If I have a chance, I'll ask him if he knows what a "UA string" is... (Might be a few days, tho', sorry. It's gonna be a heckuva week.)
(Dan: Details not obfuscated because it's an AOL server.)
I get a TON on AOL users and it's spoofed or modified somehow as that is NOT a legit UA or I'd be blocking tons of AOLers and I'm not. As a matter of fact, the combination of "AOL 5.0; Windows NT;" doesn't even show up in my archive going back almost a year.

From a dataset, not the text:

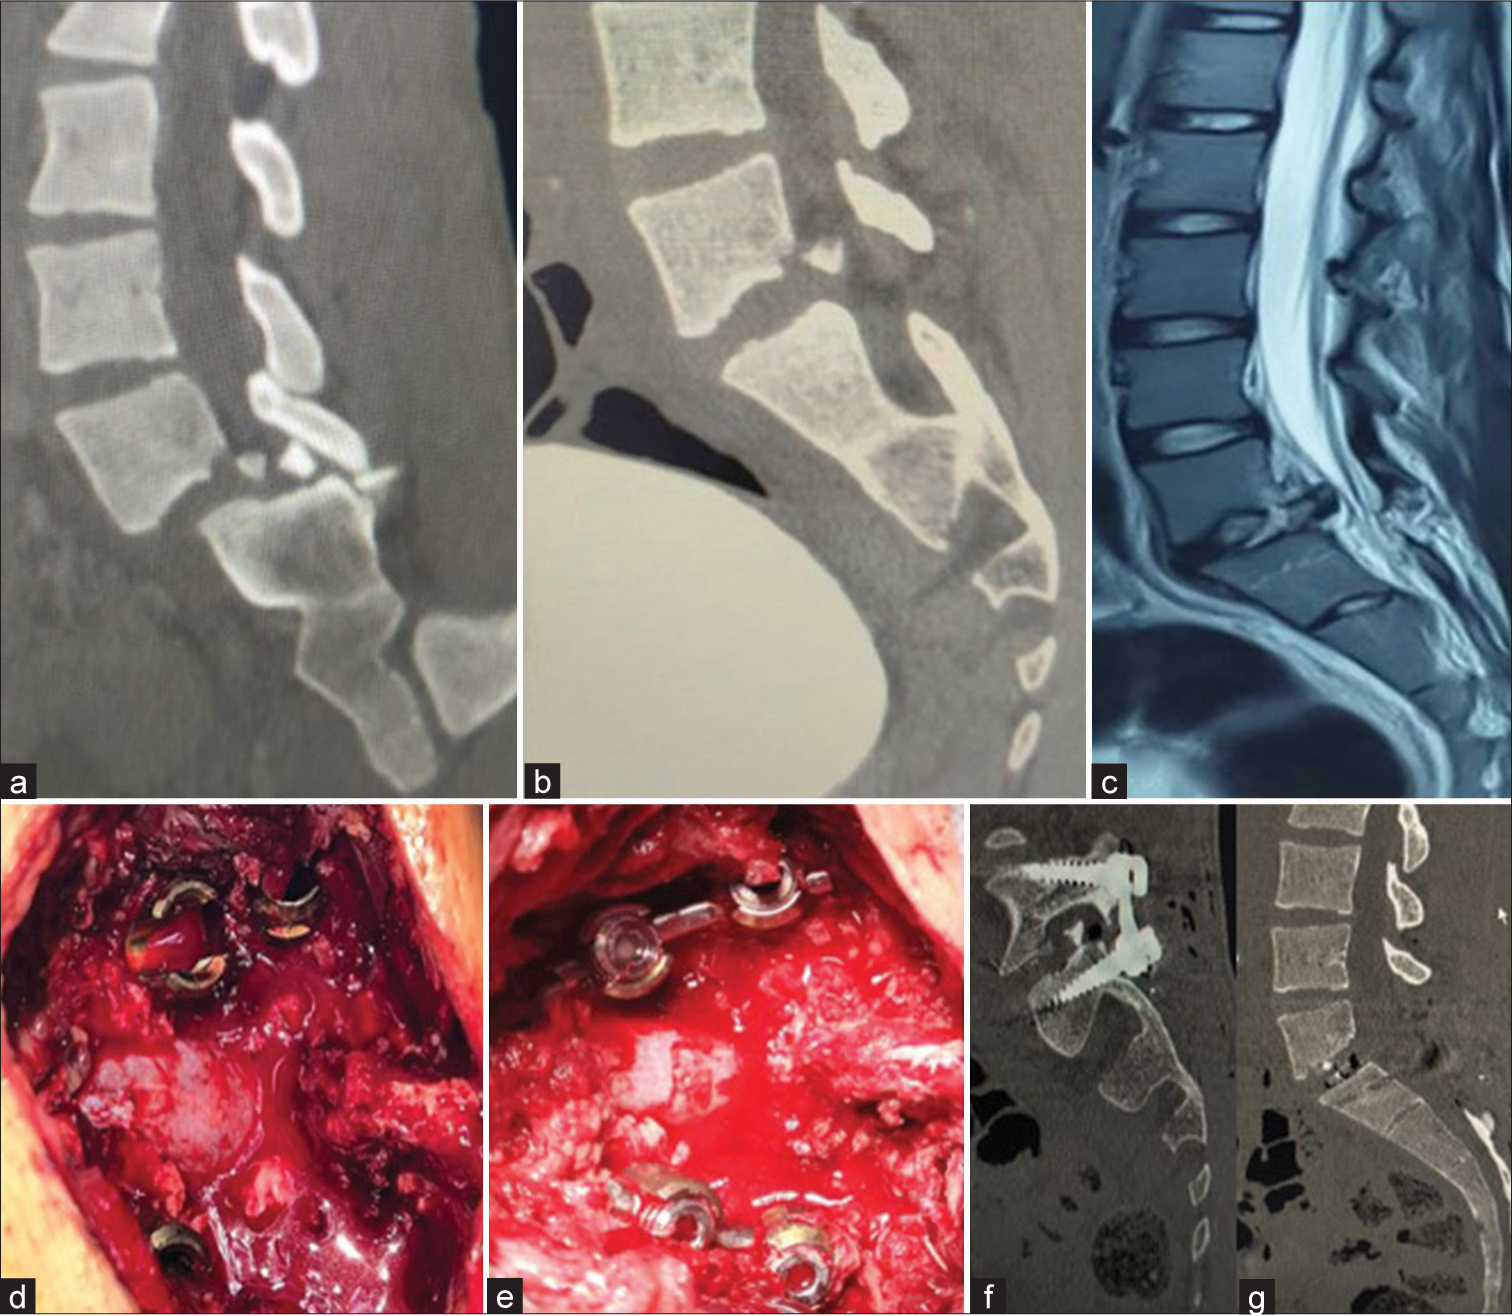 Traumatic lumbar spondylolisthesis: A case report and review of literature

Nobody said a scraper had to be hi-tech either, they get some script and it crawls and spits out websites, no brains required.
Nobody said a scraper had to be hi-tech either, they get some script and it crawls and spits out websites, no brains required.
For a long time I had quite a difficulty in accepting any credibility from anybody who would use AOL as their internet provider. It's still difficult to digest the reasons why a user would accept the restricted internet of AOL's tunnel vision.
Some folks just remain commited to the provider for reasons that the majority cannot comprehend.
I have a friend whose wife handles the majority of the internet management, although my friend has progressed far beyond any capacity I thought he would.
These folks have a hi-speed cable connection and then connect to AOL ;)
Their reasoning is that many of the family members use AOL as their provider and it affords them all a community of interaction that they enjoy. (try as I may, I just cannot inderstand the logic and especially with the many alternatives).
In spite of all this both my friend and his Mrs. are quite intelligent people. I wouldn't call the Mrs. a geek, however when she sets her mind to it, she has no trouble finding a computer method to accomplish what she desires.
If the majority of scraprers were hi-tech?
We as websmasters would have a more difficult time stopping them in their tracks with otherwise simple procedures.